Diagnosis of Sjögrens Syndrome

Sjögren’s syndrome is often diagnosed late in the process which means people with Sjögrens often suffer for years before diagnosis.

The delay in diagnosis is partly due to lack of information and understanding of the condition by the general public and many  health professionals but also because of the many  and varied symptoms a lot of which have possible other causes.  The symptoms may present one by one, on and off over the years and it may not be until several are present at once that Sjögrens is considered.  It is not uncommon for people with Sjögrens to have been mistakenly told they are suffering from some sort of psychological condition or given the impression that they are neurotic, implying the symptoms are more imaginary and related to stress and anxiety.  We do know stress will exacerbate auto immune disease as it does many disease processes and cause it to flare up….  but it is not the cause.

Health professionals who most often diagnosis Sjögrens include:

  • Rheumatologists
  • Dentists
  • Opthalmologists/Optometrists
  • General Practitioners

Diagnosis is usually clear from the symptom combination:

  • Dry eyes; Dry mouth; Fatigue; Muscle and joint pains, and the association with other connective tissue disorders.

Symptom criteria for diagnosis:

Dry eyes (at least one of the following)

  • Persistent, troublesome dry eyes every day for longer than 3 months
  • Recurrent sensation of sand or gravel in the eyes
  • Use of a tear substitute more than three times a day

Dry Mouth (at least one of the following)

  • Feeling of dry mouth every day for at least 3 months
  • Recurrent feeling of swollen salivary glands as an adult
  • Need to drink liquids to aid in swallowing dry foods

Tests used with may be used to confirm the diagnosis:


Antibody Tests Specific to Sjögren’s Syndrome:

Anti -SS-AA  (Anti-Ro) and Anti -SS-B (Anti-La);

About 75% of people  with primary Sjögren’s syndrome will have Anti SS-A and Anti SS-B  antibodies and as  they rarely are found in other conditions, it is a very  useful in test for diagnosing primary Sjögren’s syndrome.

Other blood tests your doctor is likely to test are;

  • Autoantibody screen including ANA
  • Rheumatoid factor (RF) and Anti -CCP(if rheumatoid arthritis is suspected) or IG
  • Inflammatory markers CRP and ESR ( these tests may reflect the severity of the disease activity)
  • Liver function tests and kidney(renal) tests i.e. creatinine and electrolytes ..both liver and kidney may be  involved in autoimmune disease
  • Thyroid tests..  as autoimmune thyroid disease is associated with secondary sjogrens


Slit lamp examination – performed by an eye specialist (ophthalmologist or optometrist) The slit lamp allows the specialist to examine the tear film and outer layers of the eye under magnification. The tear film is examined using a Rose-Bengal stain.  In Sjögrens the tear film is depleted and of abnormal quality-it breaks up quickly allowing drying of the surface of the eye which leads to damage of the tissues.

Schirmer’s test – Is when a small piece of sterile blotting paper (or filter paper) is placed in each eye, under the lower lid, after the surface of the eye has been numbed with anaesthetic drops.

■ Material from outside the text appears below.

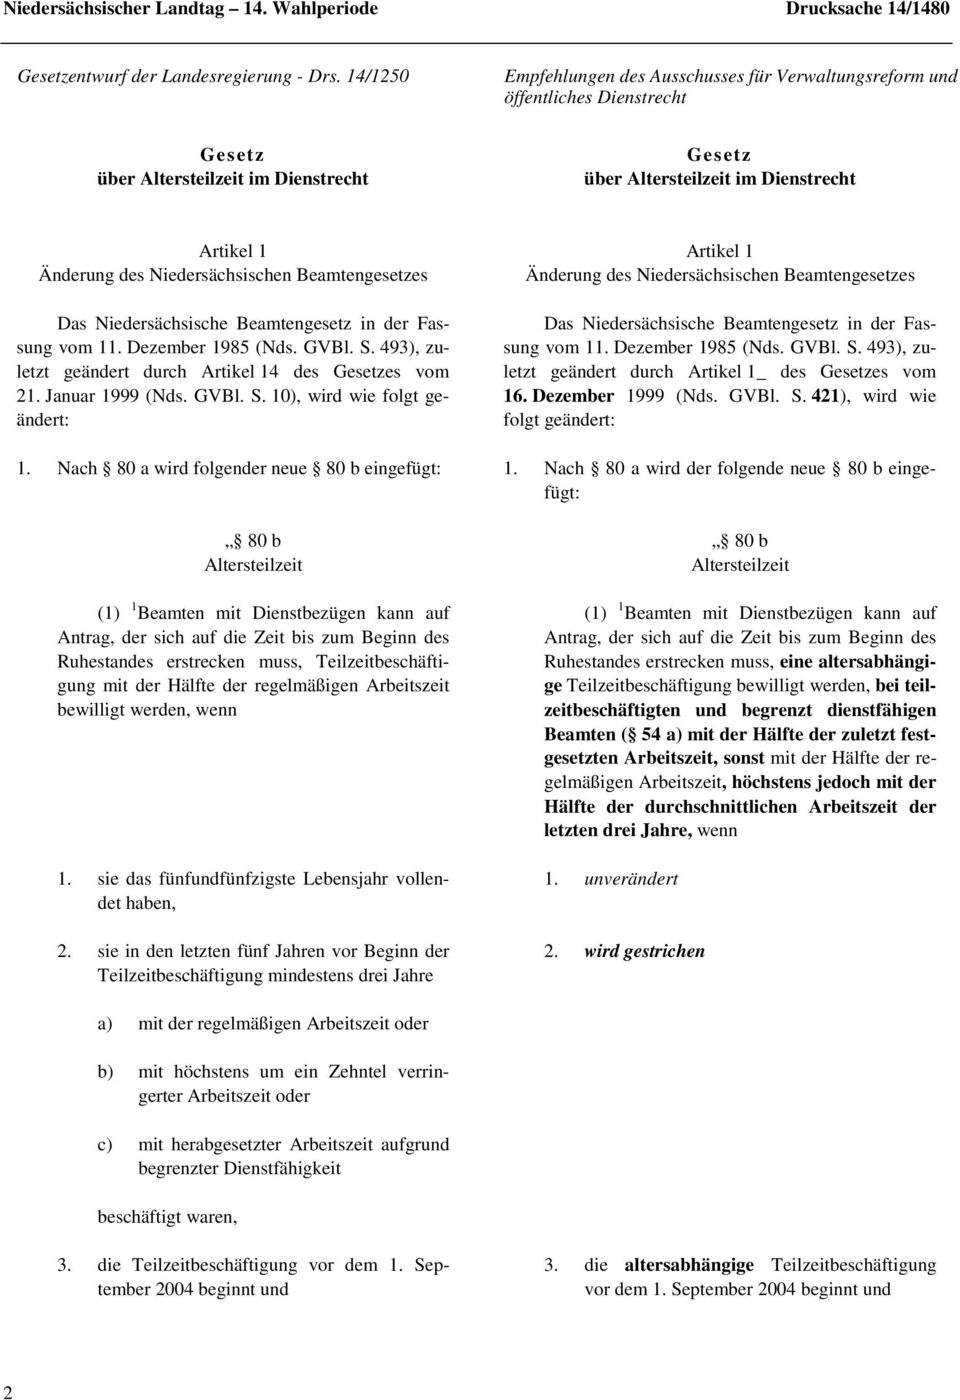 Beamtengesetz in der Fassung vom 11. Dezember 1985 (Nds. GVBl. S. 493), zuletzt geändert durch Artikel 14 des Gesetzes vom 21. Januar 1999 (Nds. GVBl. S. 10), wird wie folgt geändert: Das Niedersächsische Beamtengesetz in der Fassung vom 11.

The eyes are then closed for 5 minutes while the the paper collects any tears secreted.  A  Normal result is 10mm or more.

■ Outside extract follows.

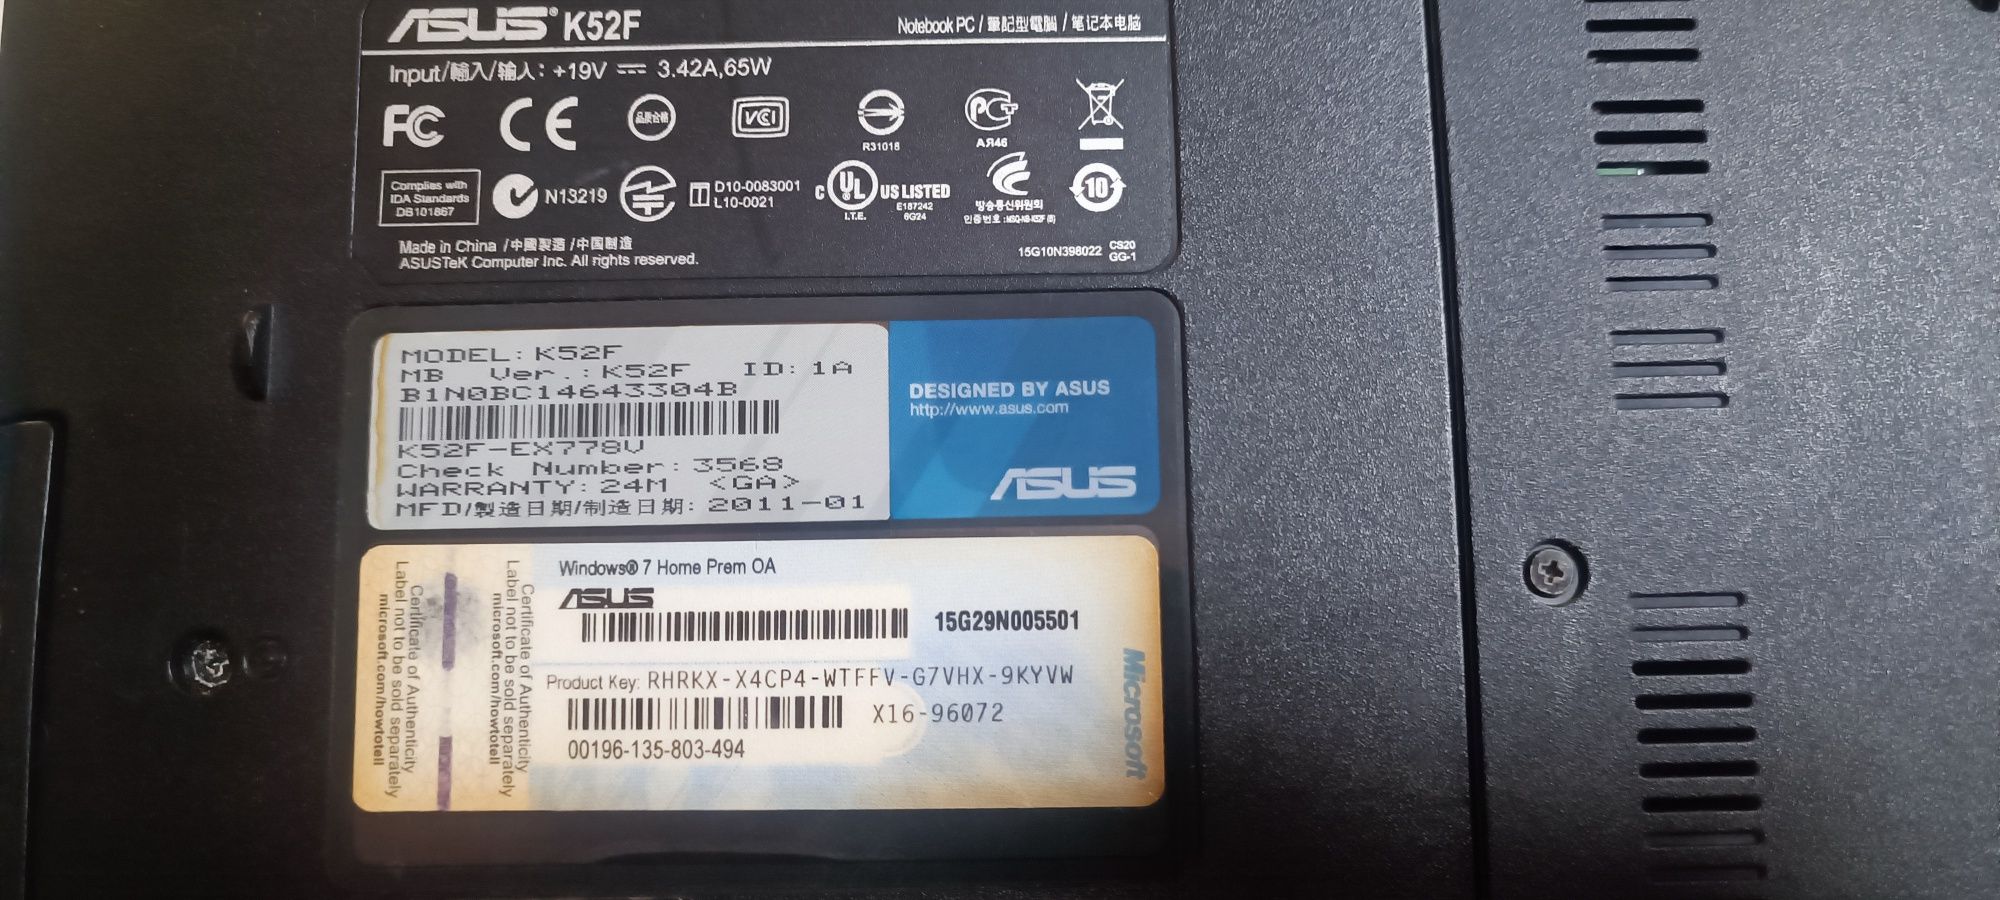 Laptop Asus k52f

Fluorescene drops (bright orange dye) is sometimes used to test tear production and drainage.  In the normal eye these should be washed away by tears down tear ducts into the nose within 2 minutes.  In dry eye conditions the stain will remain for longer.


Saliva production measurement – The simplest way to do this is to:
Collect all saliva produced over 15 minutes (with no stimulation from chewing)  and if this is less than or equal to 1.5ml it is diagnostic of xerostermia

Another method studied is:
The  person to be tested spits all saliva produced in 5 minutes into a measuring container,
then  chews on a piece of dental (paraffin) wax for 5 minutes during which time all saliva produced is spat into another container;
then chews on tasty sugarfree gum or candy for 5 minutes and again spits all saliva into a container.

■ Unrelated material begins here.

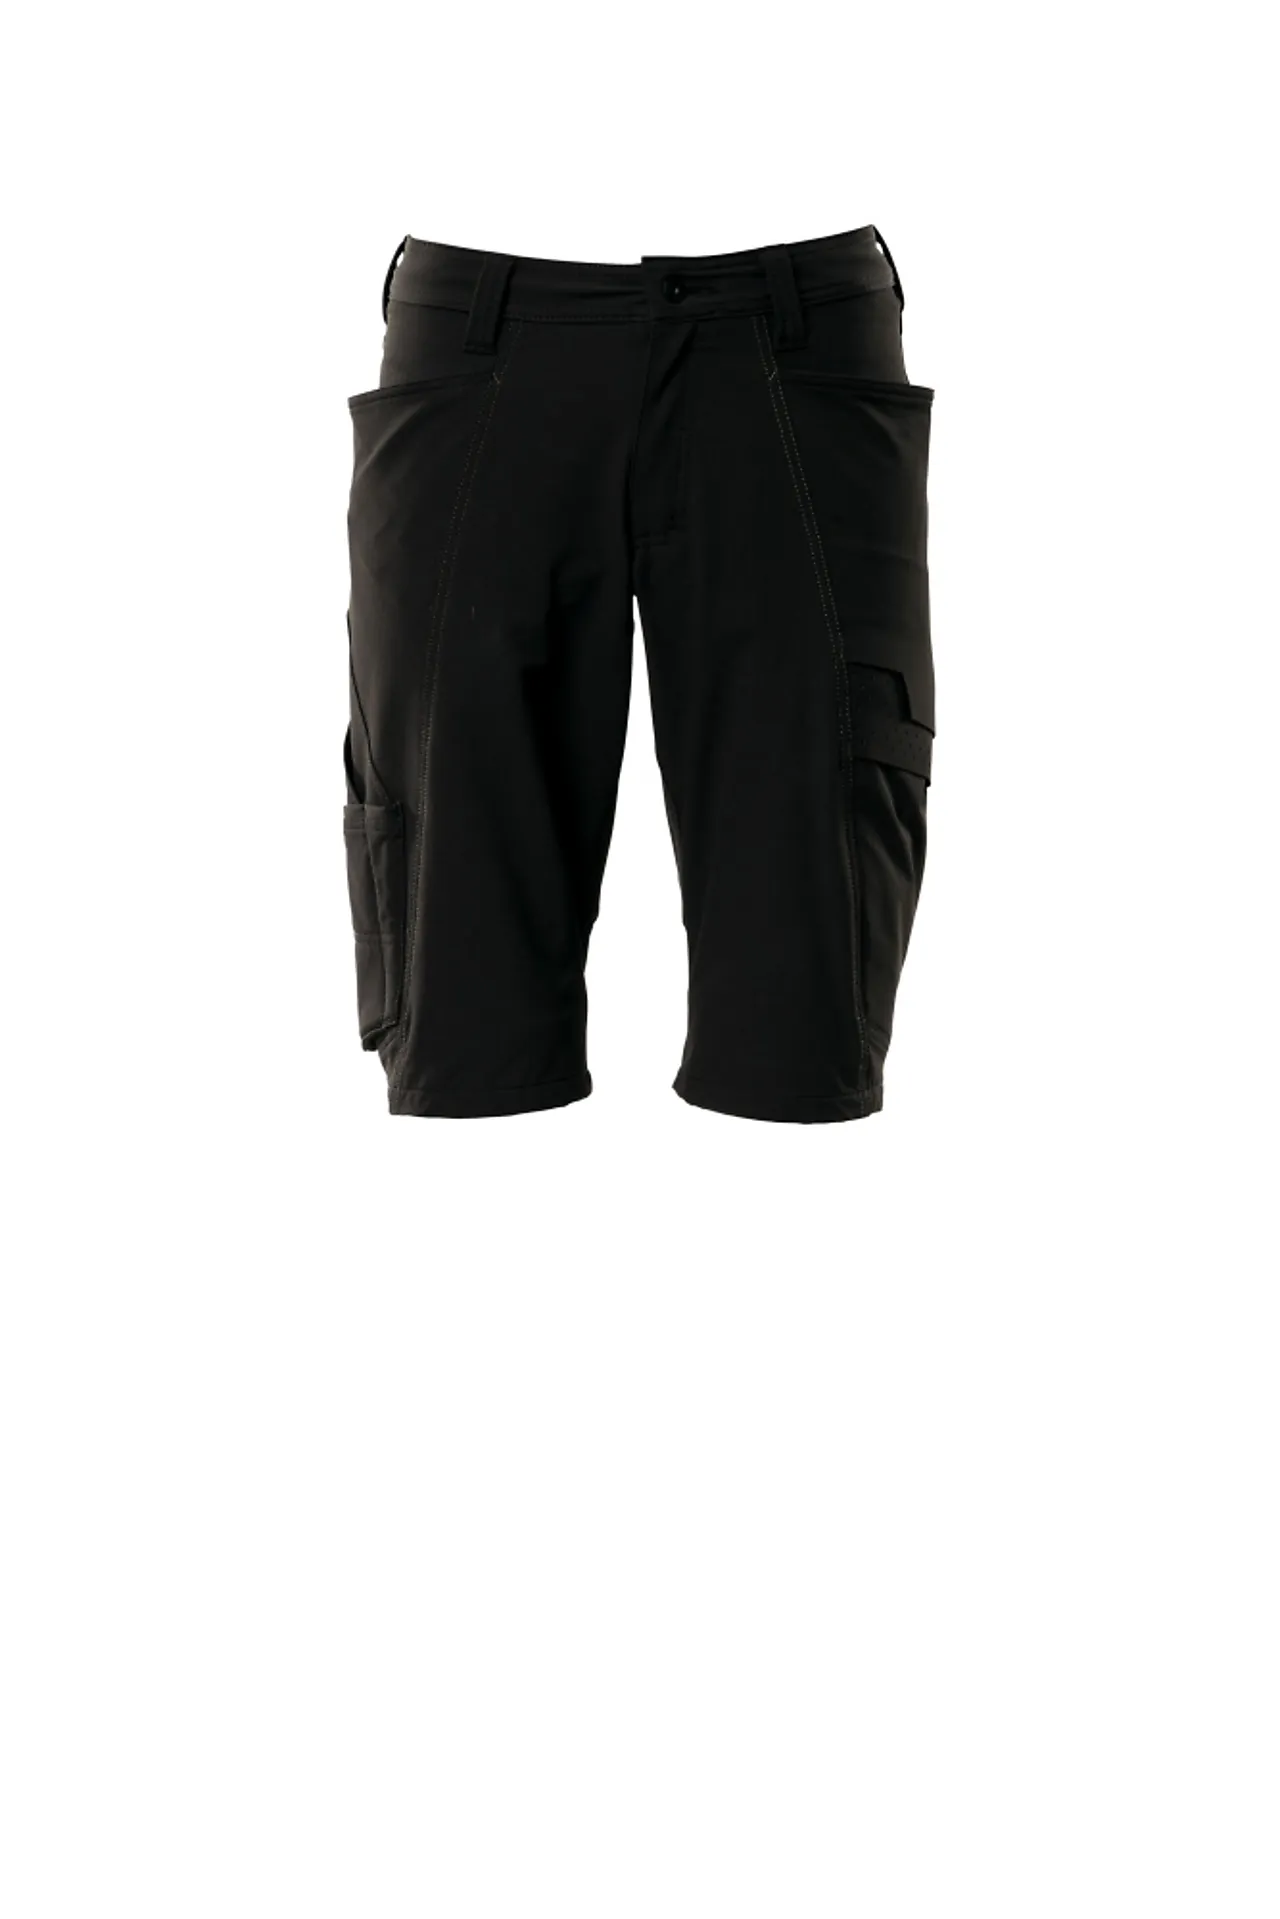 Shorts 18149 svart c58 shorts, fireveis-stretch, lav vekt

In a normal person at each step there should be a significant  increase in amount of saliva produced. In xerostermia (dry mouth) there is virtually no change in amounts between the 3 stages.

Scintigraphy of salivary glands –
During  scintigraphy a small quantity of radio-active material is injected into the bloodsteam which is taken up by the salivary glands and then secreted in the saliva into the mouth.  A special digital camera takes images at frequent intervals which shows the progression of the flow throught the ducts.

Sialography of the parotid gland is sometimes performed.

Sometimes MRI scans and ultrasound scans are used to diagnose lumps on salivary glands or lymph nodes which are suspected to be lymphoma

Lip biopsy

Occasionally a lip biopsy may be performed –this was previously thought to be the “gold standard” for diagnosis of Sjögrens however it is now only performed if  the diagnosis is still unclear after all other tests. Fortunately diagnosis is  usually able to be made on the basis of presenting symptoms of Sjögrens and blood tests specific to Sjögrens.

The test is performed under local anaesthetic and a small sample of the minor salivary glands inside the mouth just below the lip is taken for examination of the cells under the microscope (histology). In Sjögrens lymphocytic infiltration and destruction of the glands tissue is seen.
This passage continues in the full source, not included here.